AIM OF THE TASK
Each and every line below goes into your answer unchanged, but leave out the images.

SUPPLIED INFORMATION
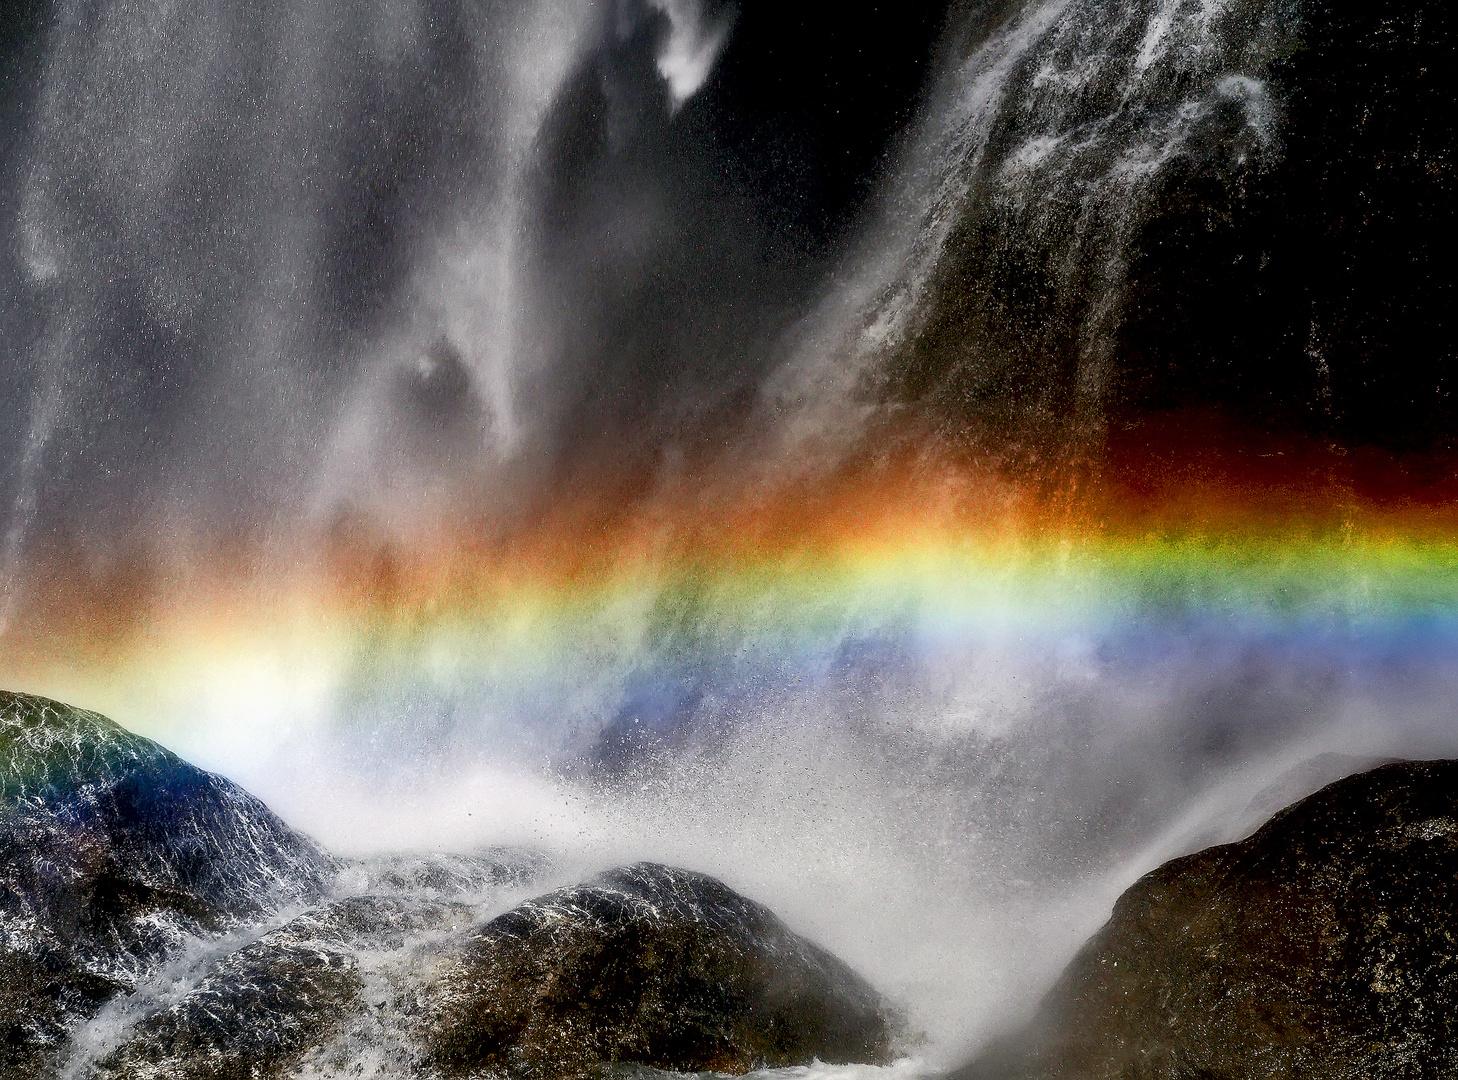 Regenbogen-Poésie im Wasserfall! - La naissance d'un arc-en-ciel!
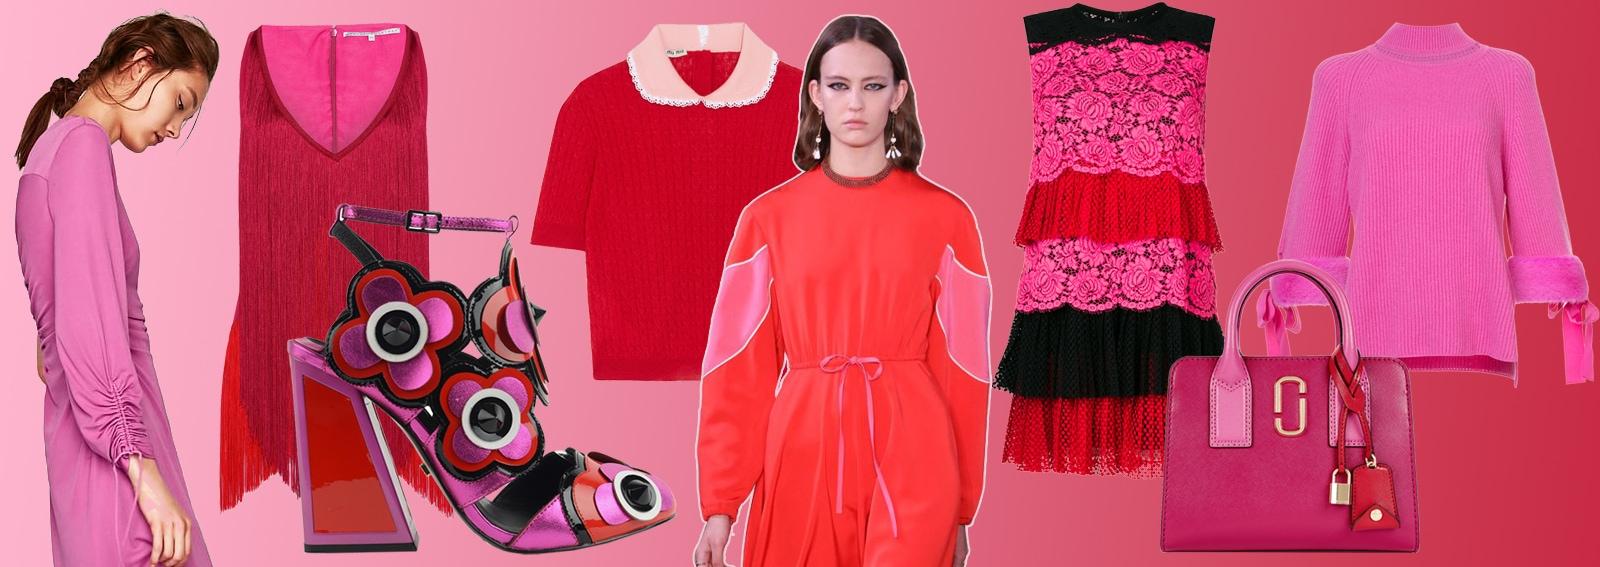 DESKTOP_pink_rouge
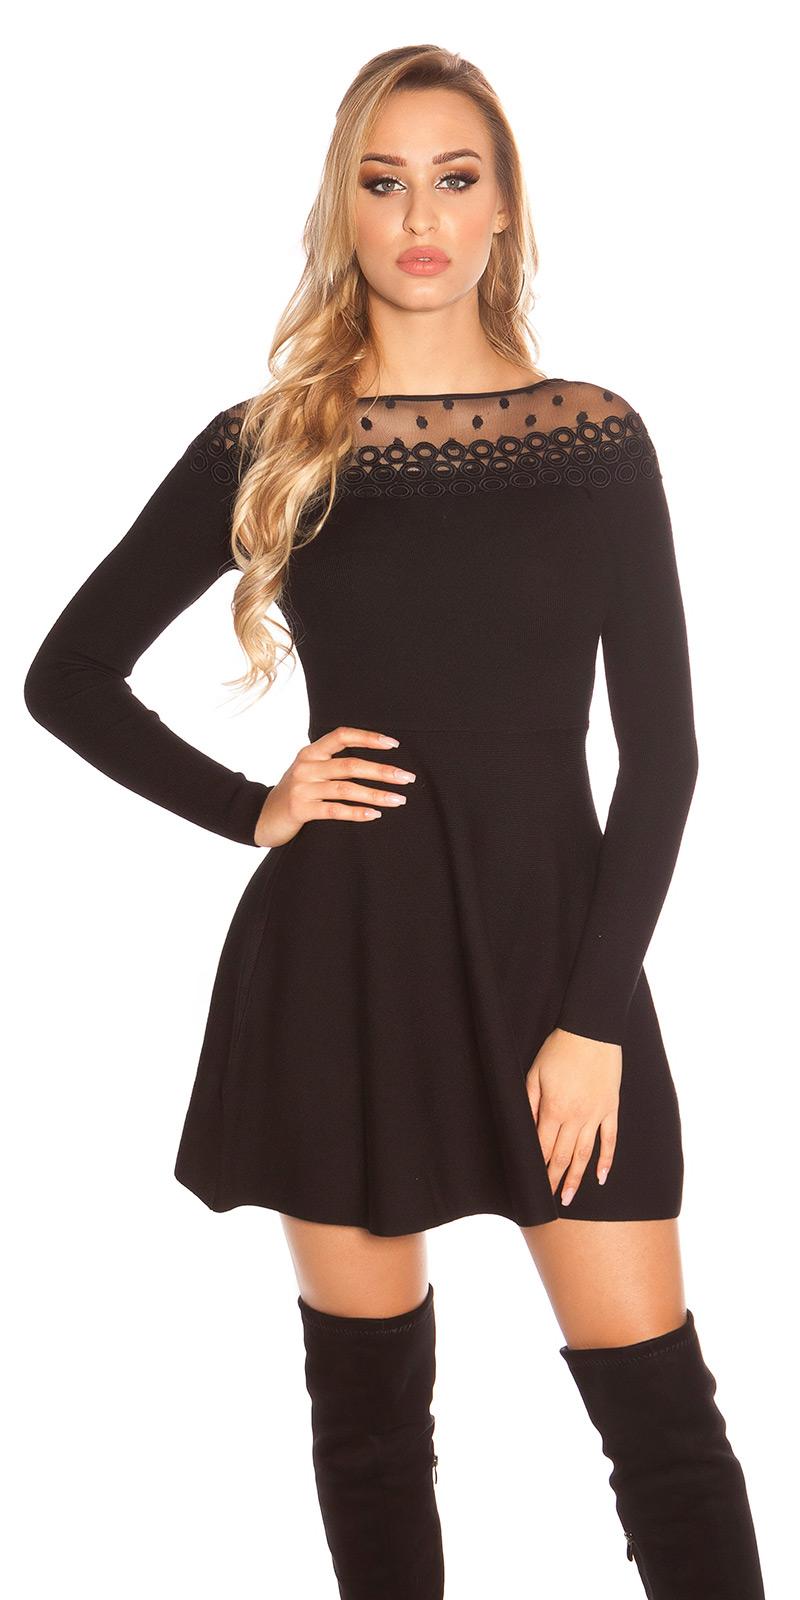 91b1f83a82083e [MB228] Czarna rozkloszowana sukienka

SOLUTION TO THE EXERCISE
 Regenbogen-Poésie im Wasserfall! - La naissance d'un arc-en-ciel!
 DESKTOP_pink_rouge
 91b1f83a82083e [MB228] Czarna rozkloszowana sukienka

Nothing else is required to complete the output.